» Collected material
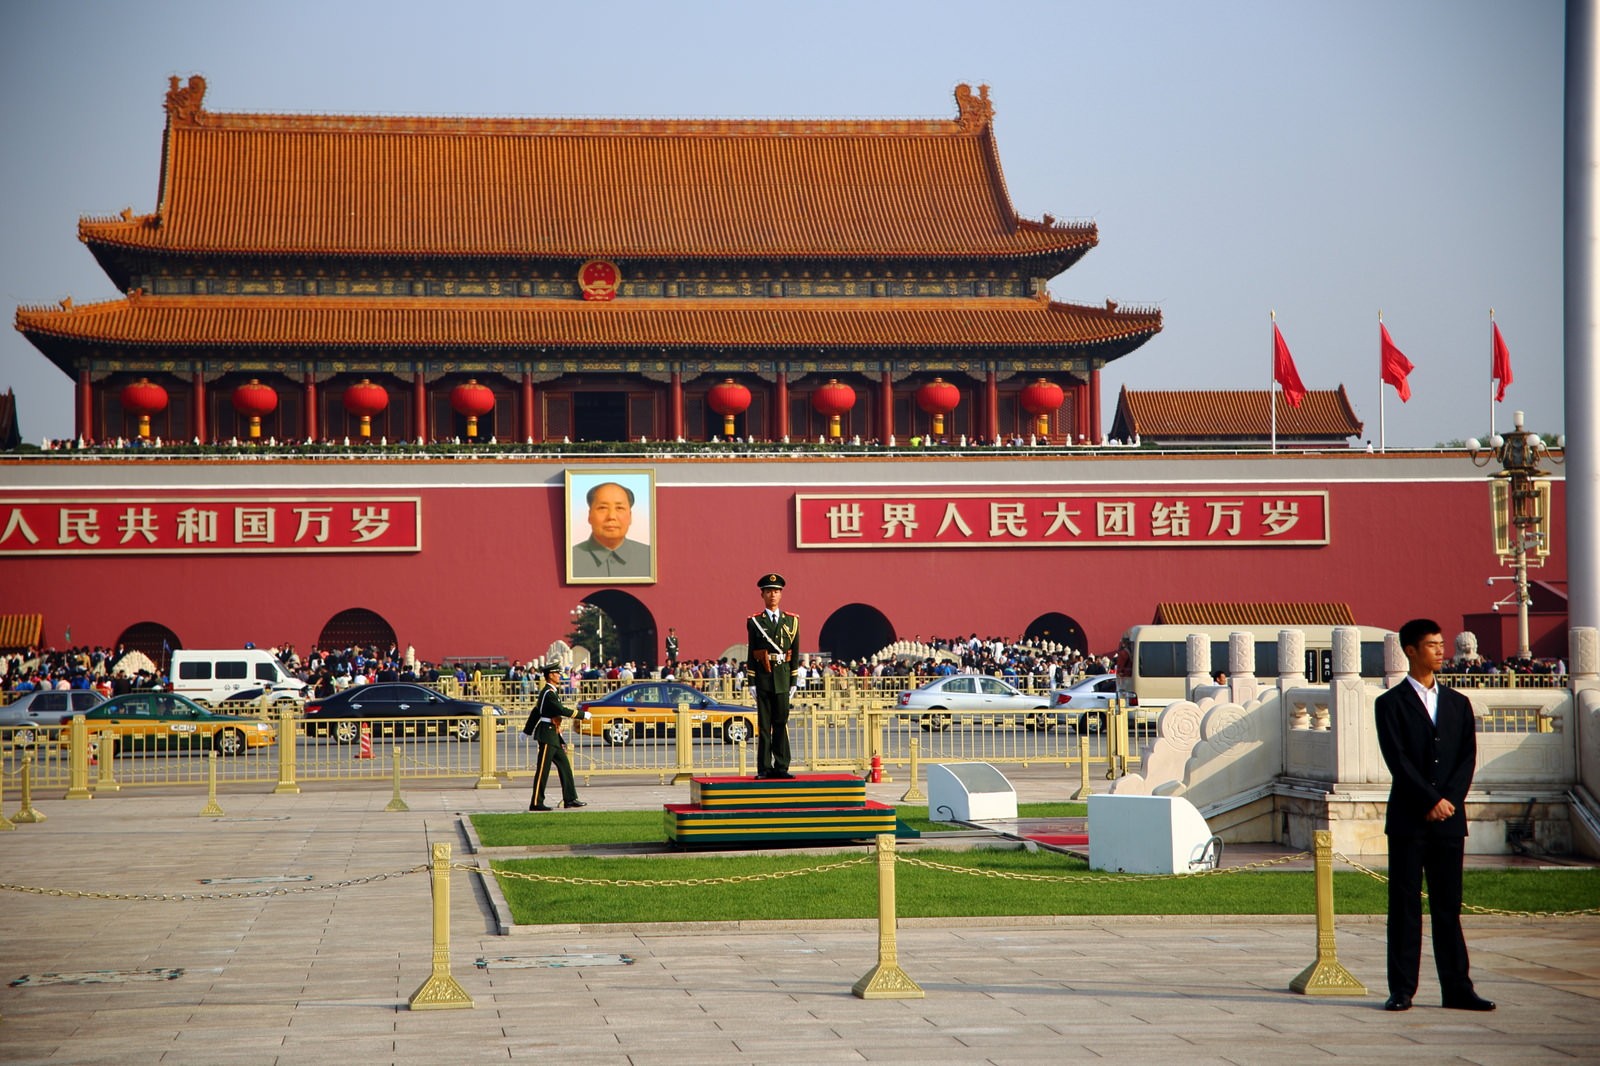 The Tiananmen gate, Beijing, China. Source: Joe Hunt, on Flickr. CC BY 2.0.
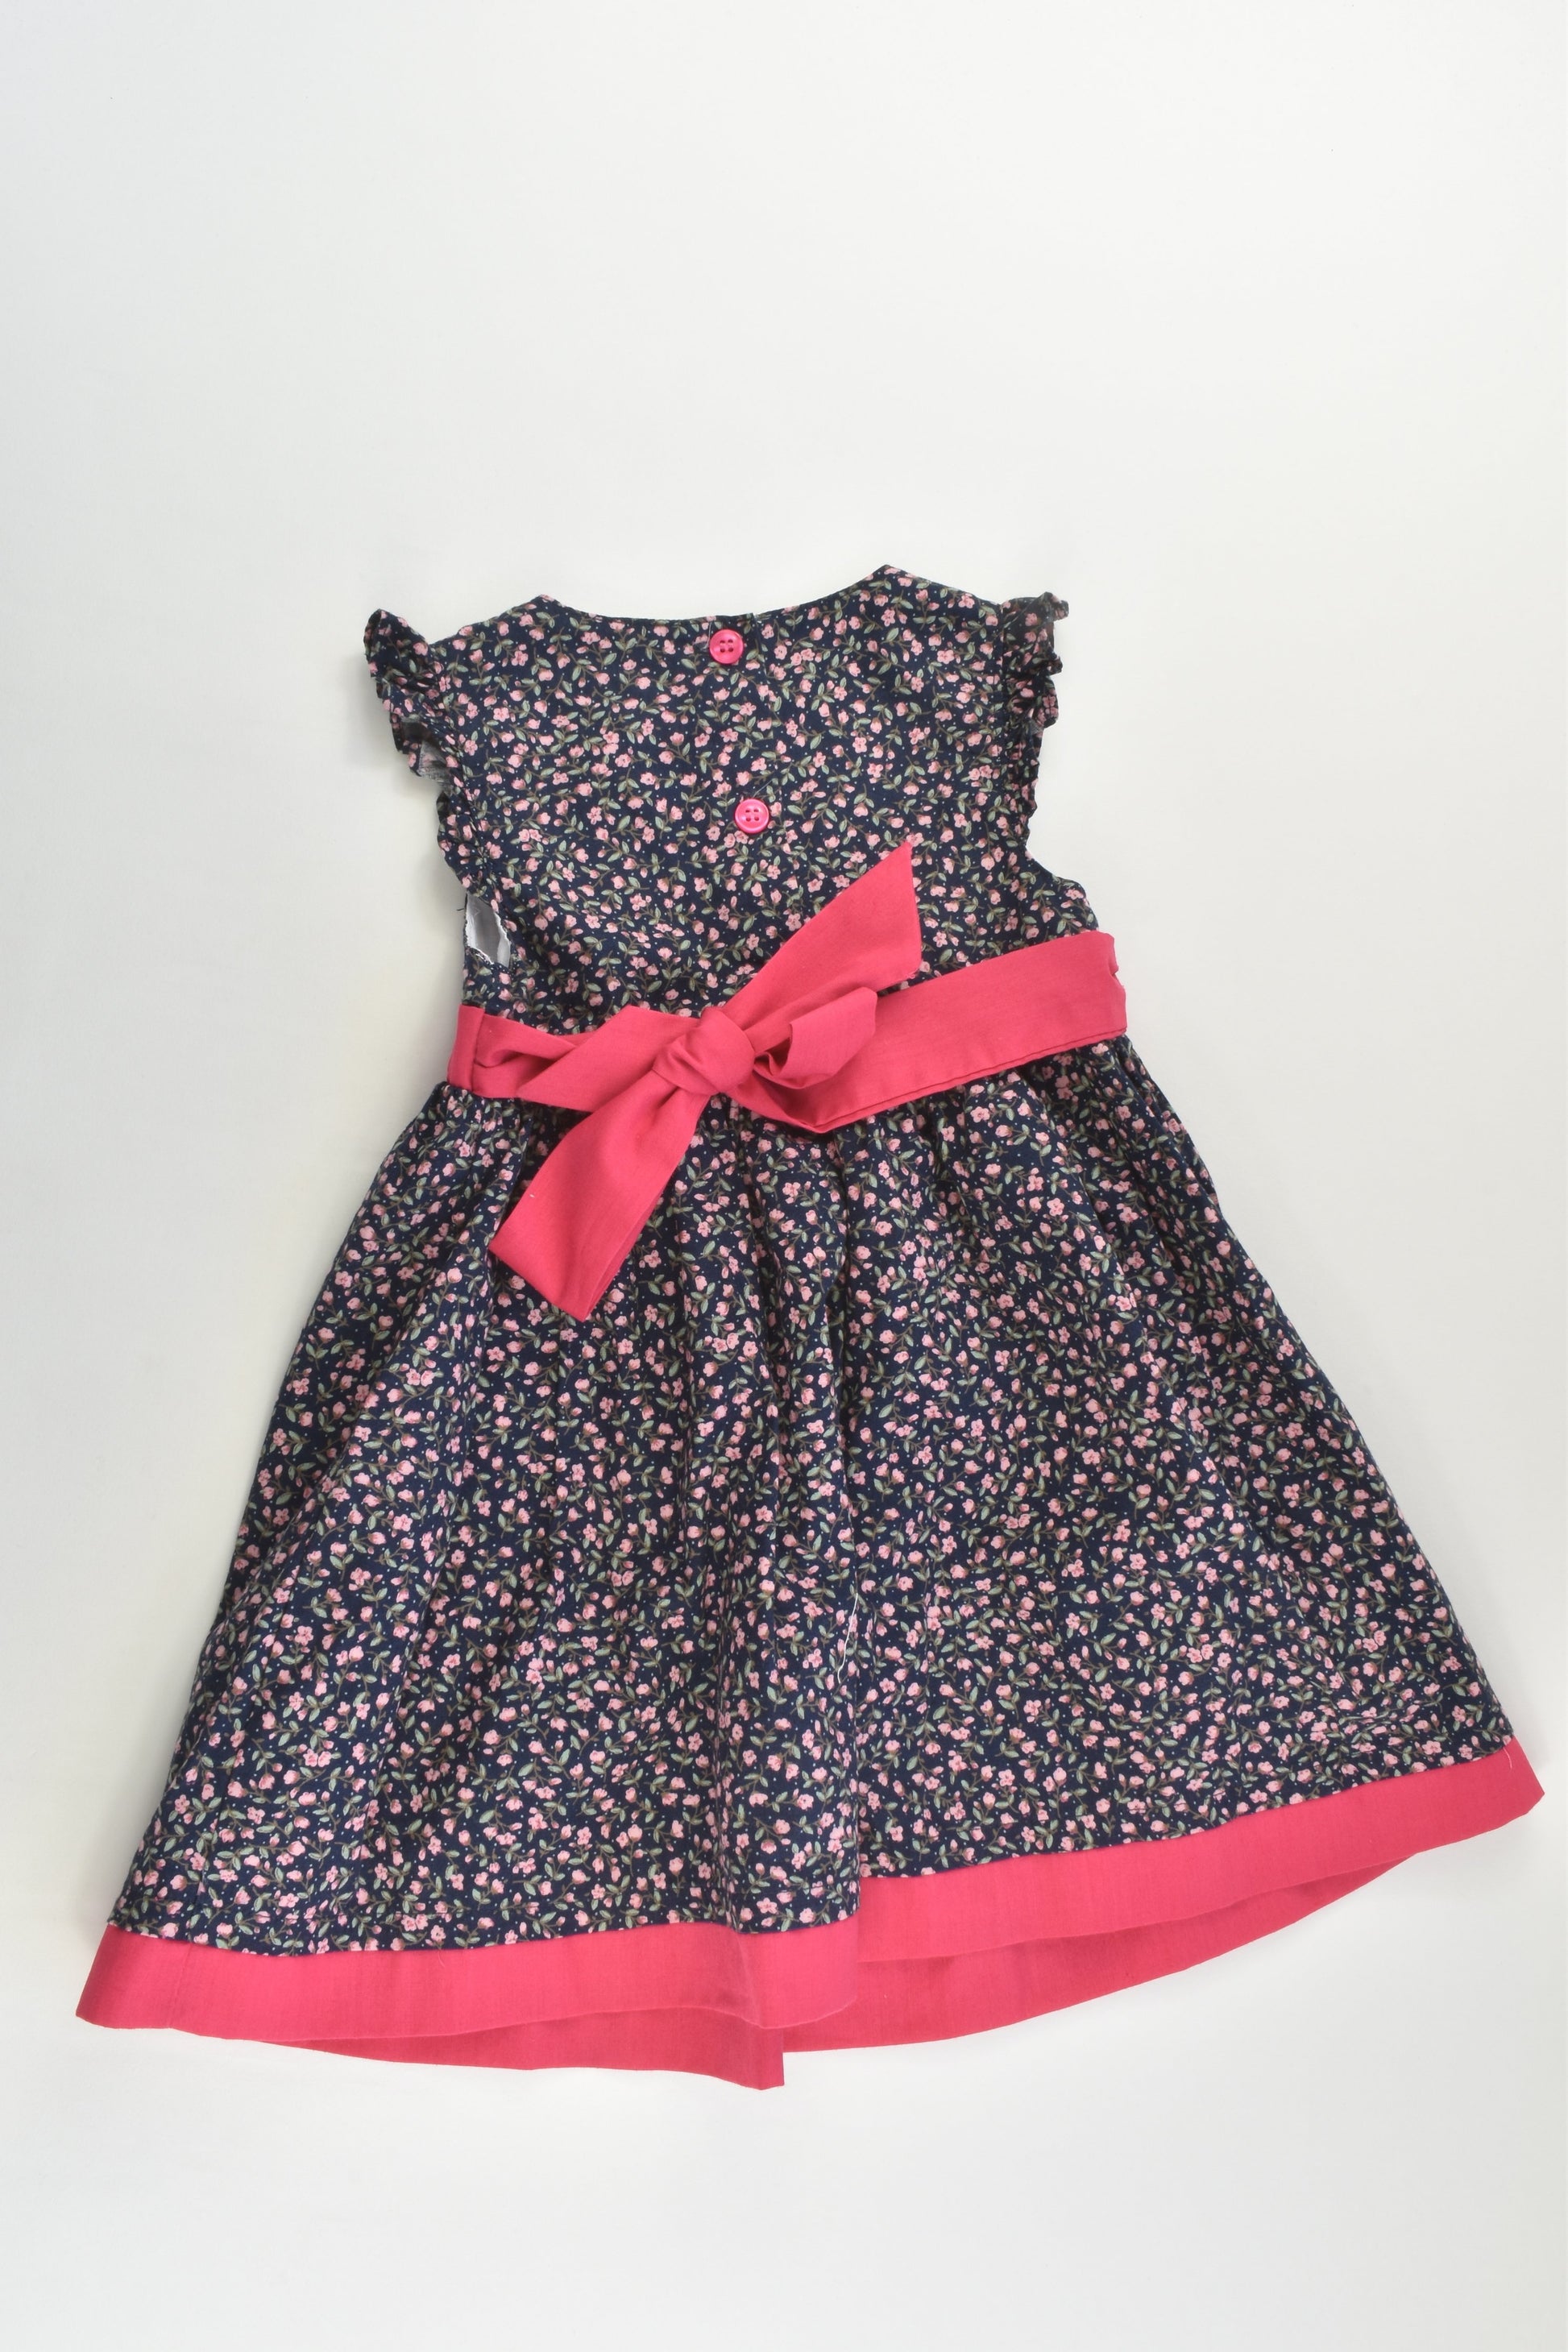 NEW Maggie & Zoe Size 1 (12-18 months, 86 cm) Lined Floral Dress
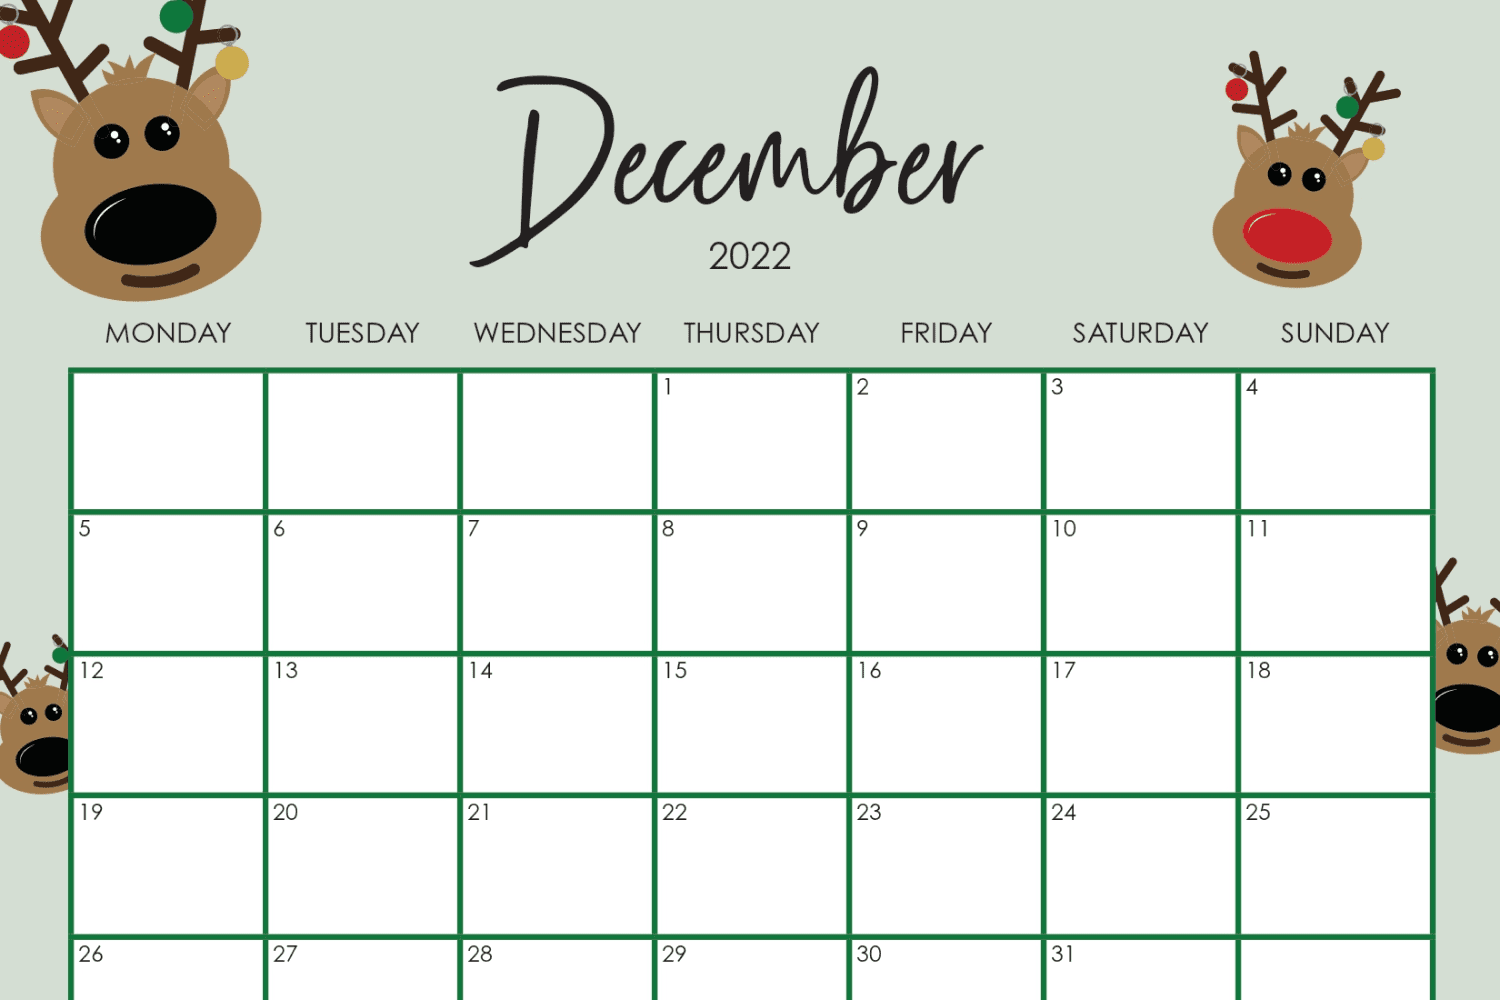 December calendar with the green background and deer.

» Exercise requirements
Output each line above exactly. Skip the images.

» Expected answer
 The Tiananmen gate, Beijing, China. Source: Joe Hunt, on Flickr. CC BY 2.0.
 NEW Maggie & Zoe Size 1 (12-18 months, 86 cm) Lined Floral Dress
 December calendar with the green background and deer.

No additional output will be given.